Problem statement: Starting with the line that contains "Fallout 4 Nuka World Enter", return every line through the end of the listing below exactly as written. Omit the pictures.

--- Given data Enclosed Below ---

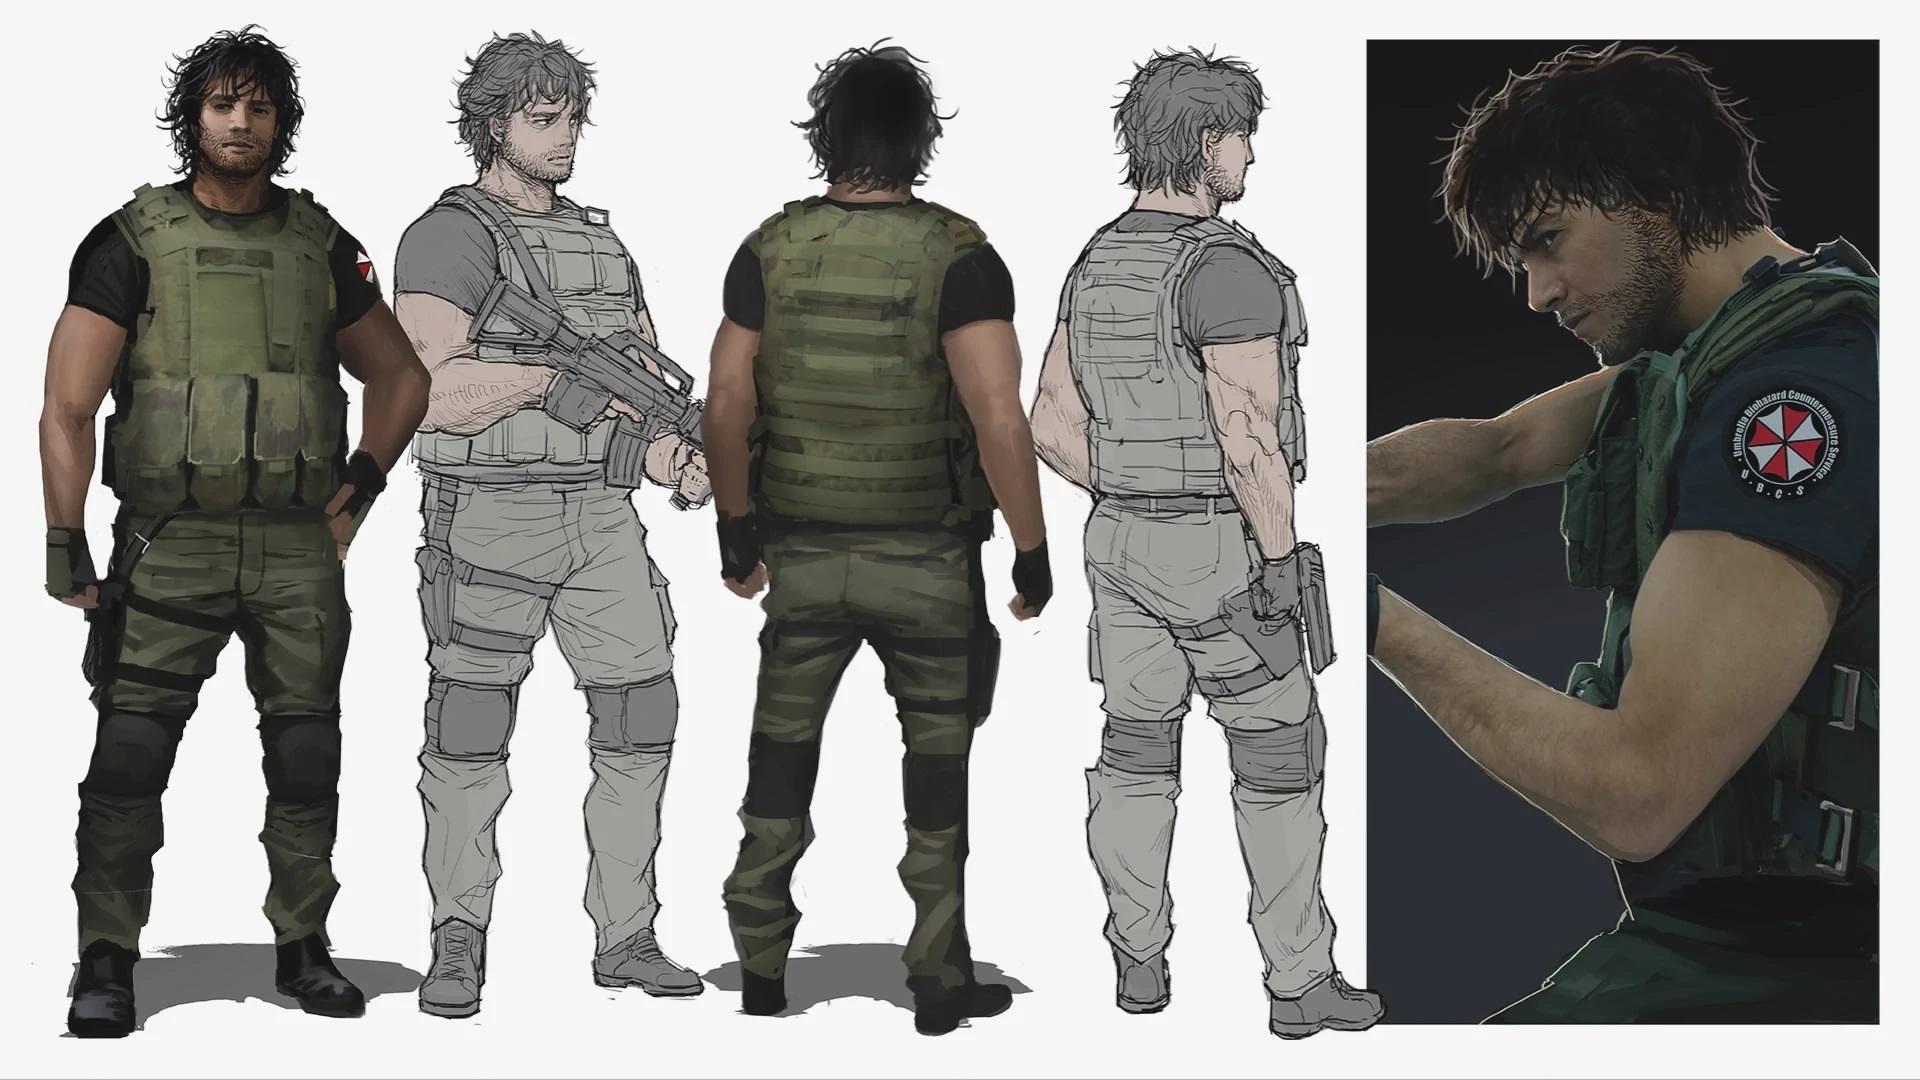 Концепт-арты Resident Evil 3 — как развивался дизайн ремейка
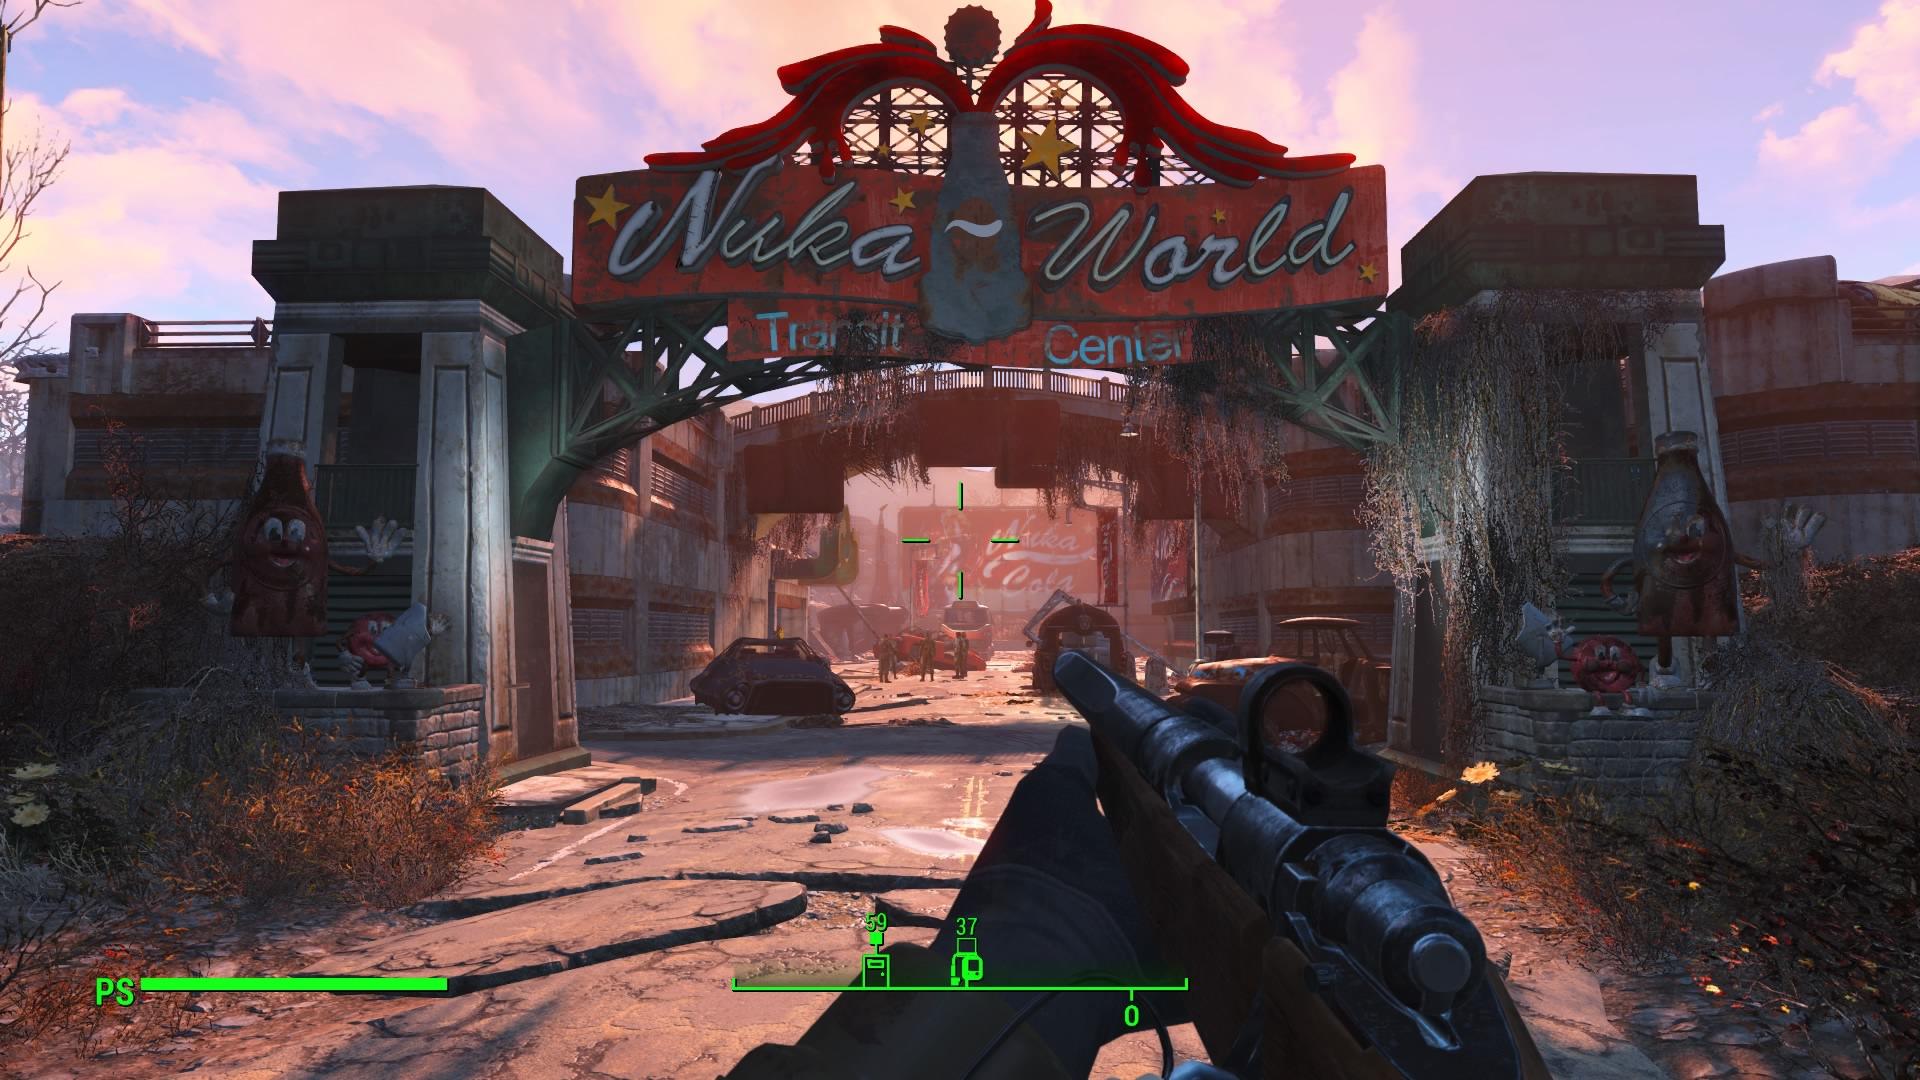 Fallout 4 Nuka World Enter
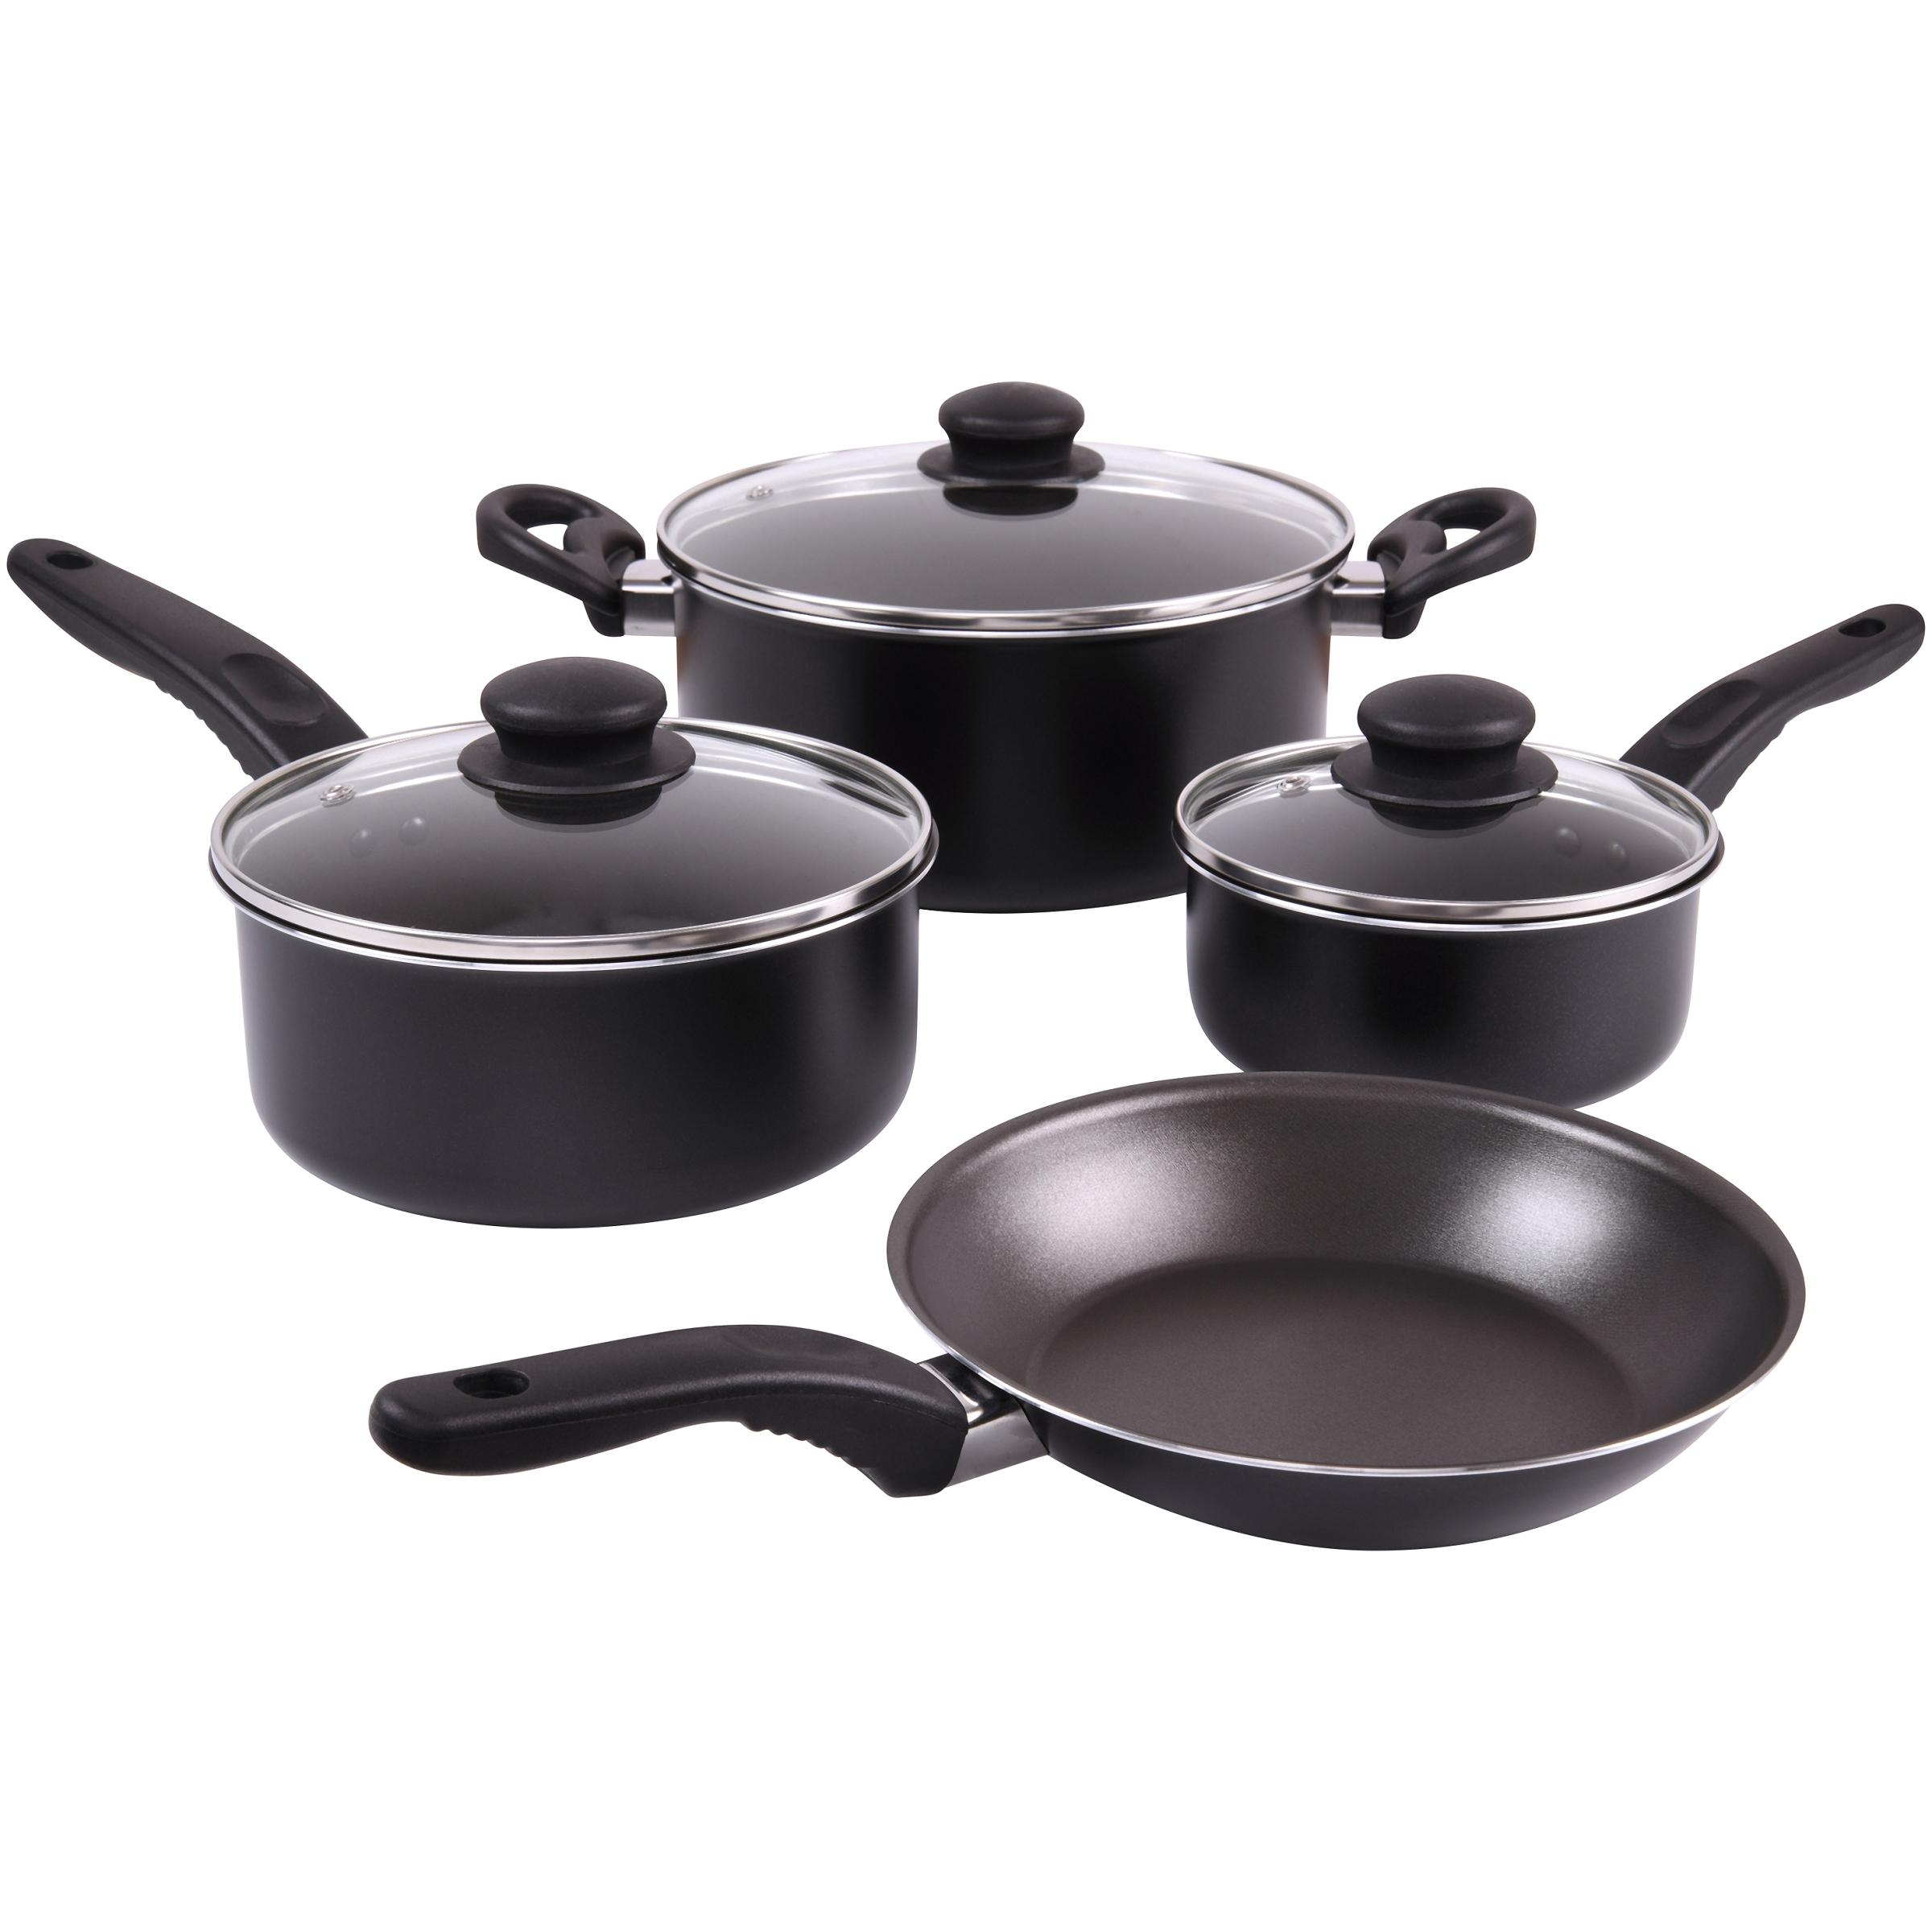 Mainstays 7 Pc Aluminum Cookware Set  Only $14.94 (Reg $25.50) + Free Store Pickup at Walmart.com!

--- End of Enclosed Given data ---

Expected output:
 Fallout 4 Nuka World Enter
 Mainstays 7 Pc Aluminum Cookware Set  Only $14.94 (Reg $25.50) + Free Store Pickup at Walmart.com!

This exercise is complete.